I agree with the majority that fundamental to the continuous treatment doctrine is a course of treatment established with respect to the medical condition that gave rise to the underlying medical malpractice claim. I respectfully disagree with the majority’s determination that, as a matter of law, plaintiffs visits prior to the filing of the notice of claim were of a routine nature and not related to plaintiffs medical condition at issue. I submit that a review of the medical records proffered on this appeal, particularly those regarding plaintiff’s visits on October 24, 1989, December 8, 1989 and September 19, 1990, are sufficient to raise factual issues as to whether these visits dealt with plaintiff’s alleged birth-related injuries, thus precluding summary relief.

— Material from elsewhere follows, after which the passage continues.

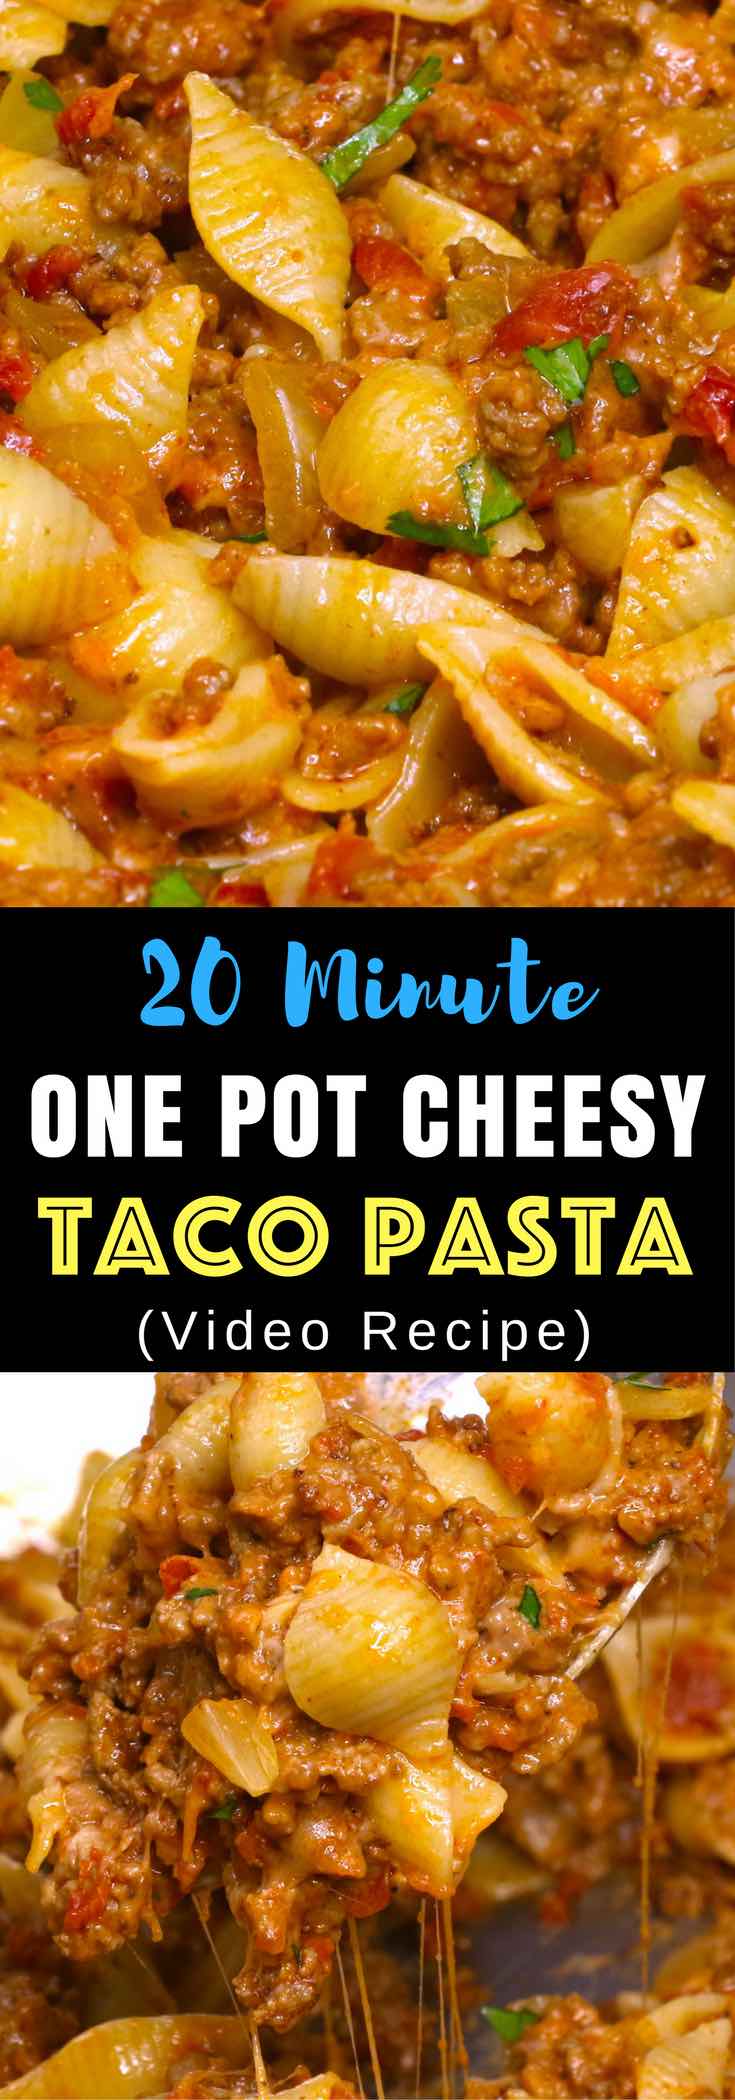 : One-pot Cheesy Taco Pasta – One of the easiest quick dinner recipes. It’s loaded with ground beef and shredded cheddar cheese. So delicious. This simple and easy recipe comes together in 20 minutes. Quick and easy recipe. Video recipe.

Specific references to the slow, involuntary movement of plaintiff’s left extremities, his need for speech, hearing and occupational therapies and his cerebral palsy demonstrate issues, at the very least, as to whether New York City Health and Hospitals Corporation (HHC) was continually monitoring and assessing the nature, extent and progression of the very injuries at issue during these “routine” visits. Accordingly, I would affirm the IAS court’s denial of HHC’s motion for summary judgment.
Nardelli, J.P., and Williams, J., concur with Tom, J.; Lerner, J., dissents in a separate opinion.
Order, Supreme Court, Bronx County, entered April 10, 2001, reversed, on the law, without costs, and defendant’s motion to dismiss the complaint granted. The Clerk is directed to enter judgment in favor of defendant-appellant dismissing the complaint as against it.